One kick from a third Gulf Cup of Nations crown, and later granted a reprieve, in the end his double dismay denied the UAE the trophy. Oman were the victors, standing firm in the lottery that concluded the final in Kuwait City on Friday, that concluded the tournament. All that effort and it came down to 12 yards.
It came down to mettle, too, gold-plated. Oman displayed it and more, converting every one of their five. Abdulrahman was the only anomaly in UAE white, but it was enough. The poster boy of Emirati football had come unstuck once more.
Abdulrahman departed the pitch at the teeming Jaber Al Ahmad International Stadium immediately after the penalties, consoled by teammates and opponents as he trudged off. There were no words to soothe, no comeback he could muster.
Oman had a second regional crown and first since 2009, avenging their 2007 final defeat to the UAE in the cruelest way possible. To their credit, they had been dogged and disciplined throughout the match, dangerous as well.

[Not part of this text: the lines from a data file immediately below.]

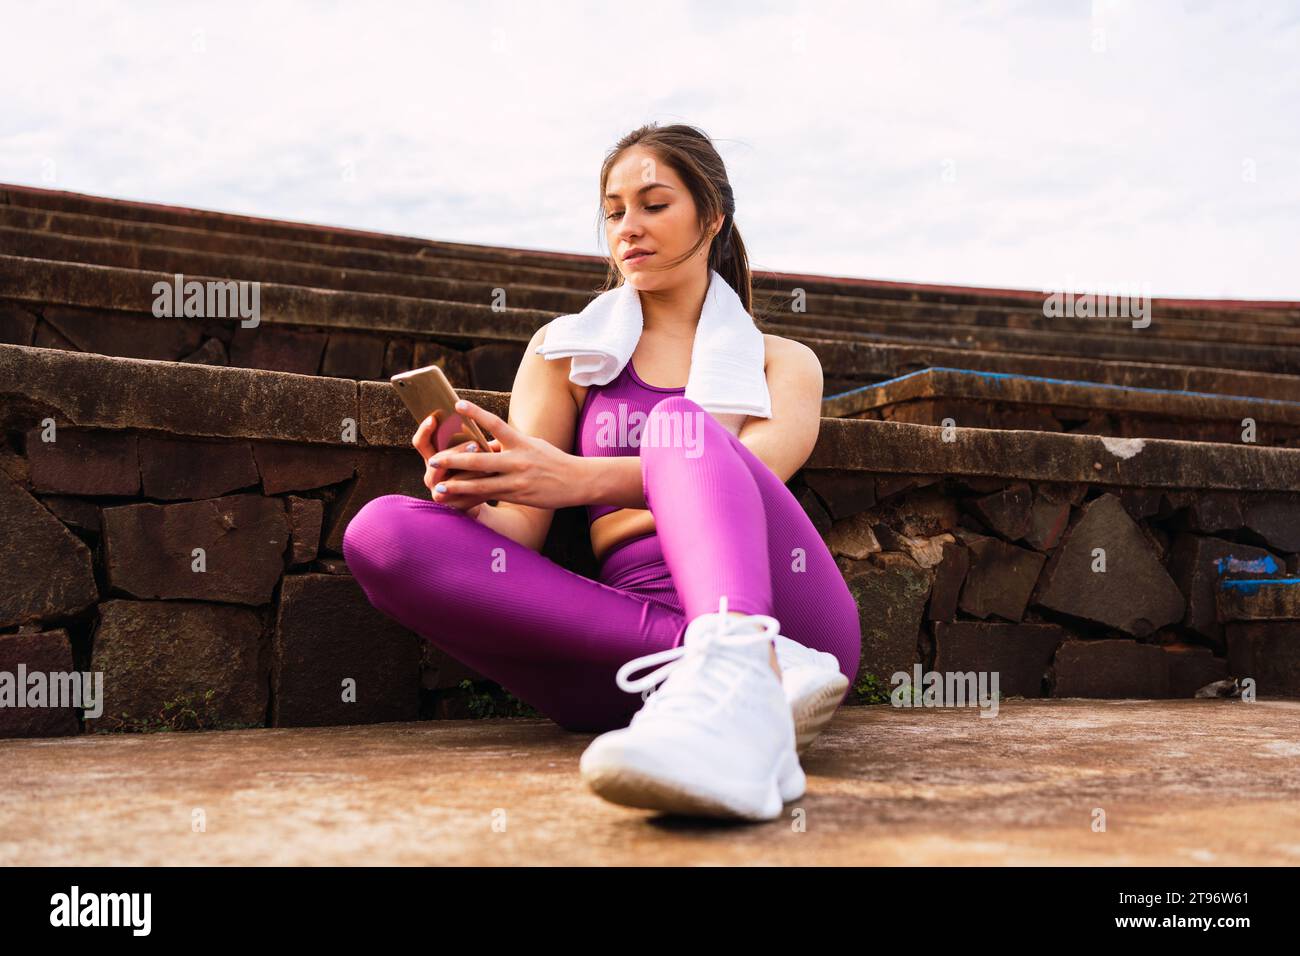 Niedriger Winkel voller Körper einer jungen weiblichen Athletin in lila Sportswear, die auf der Fußbodengrenze durch Steintreppen sitzt und an sonnigen Tagen mit Ihrem Handy herumfummelt Stockfoto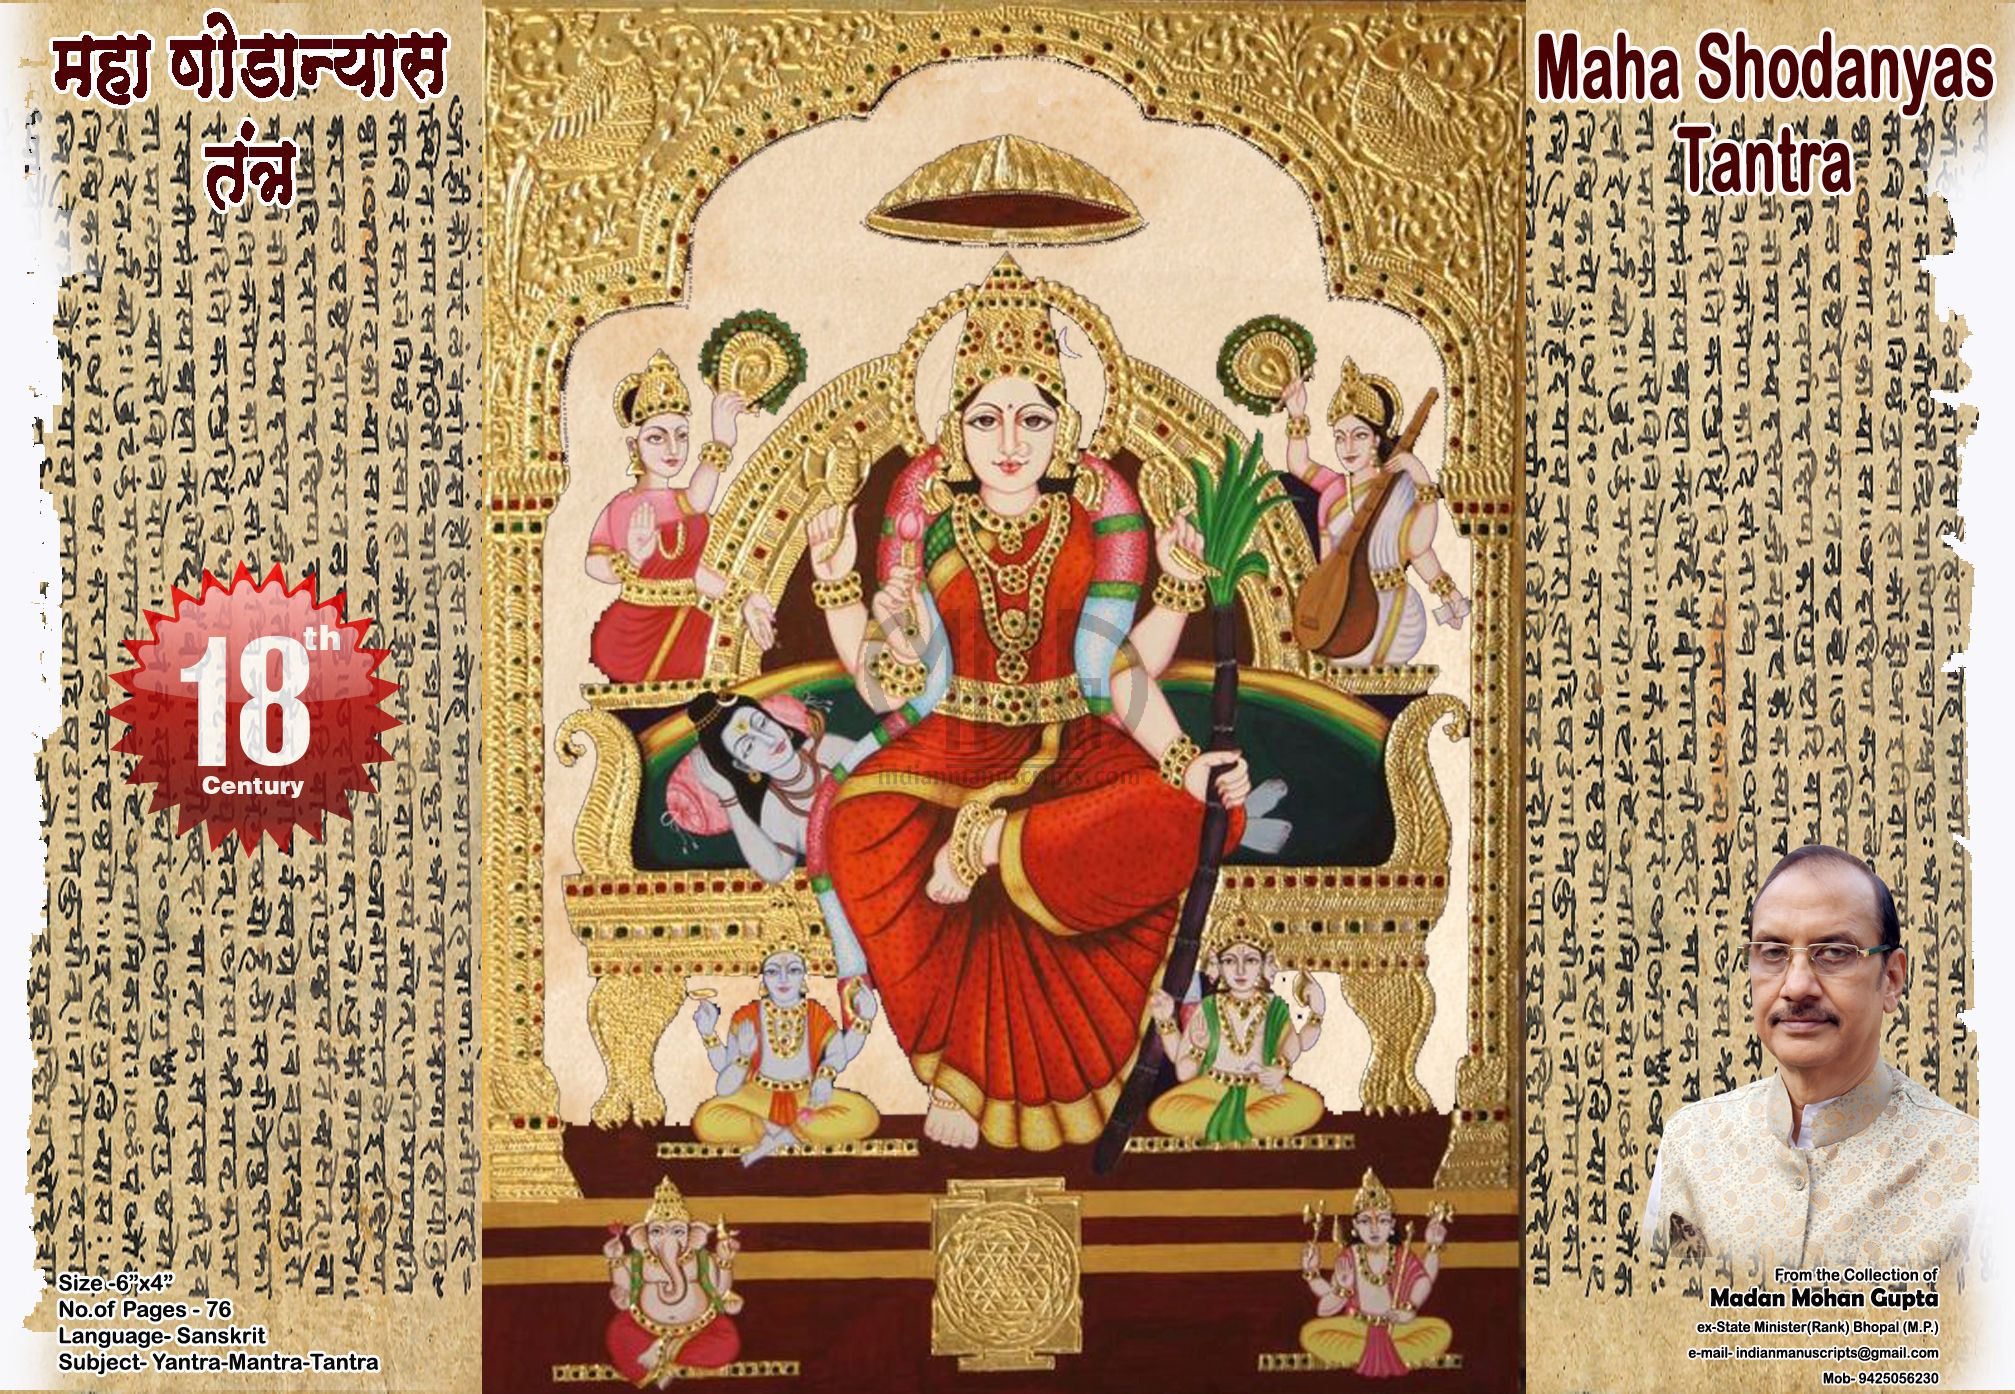 Maha Shodayas tantra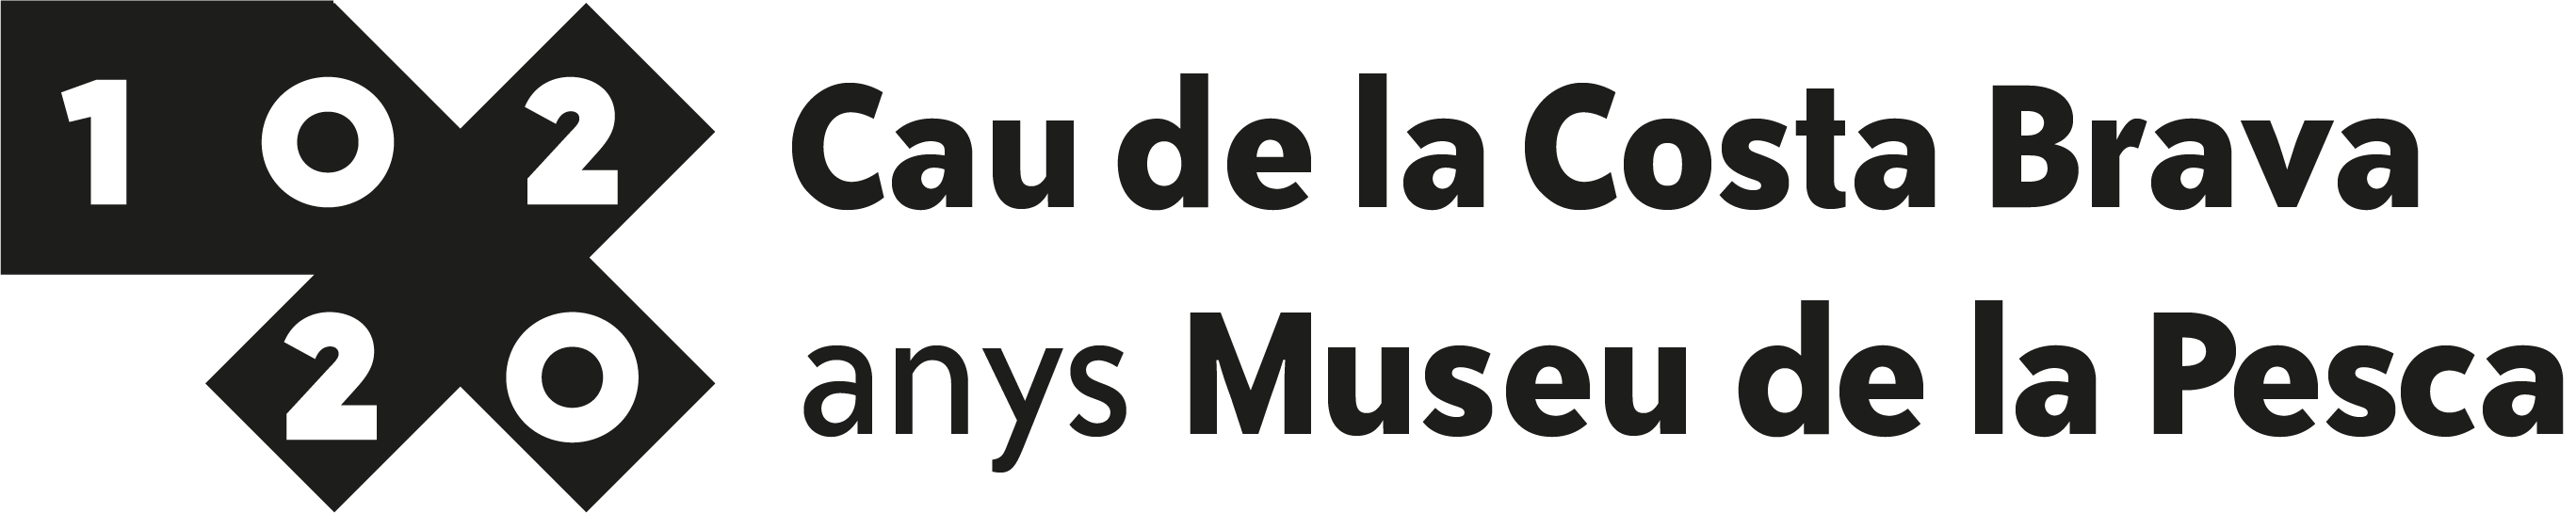 Logo del centenari del Museu de la Pesca Cau de la Costa Brava

However, the final would ultimately hinge on Abdulrahman. In the last minute, with the showpiece goalless and headed for extra time, his tame penalty was saved by Oman’s Faiz Al Rushaidi, low to his right. In the shoot-out, Abdulrahman went last for the UAE and elected to go the other way, but so too did Al Rushaidi.
And that was it: the UAE lost out on the title; Alberto Zaccheroni, less than three months into his tenure, could not seal his perfect start.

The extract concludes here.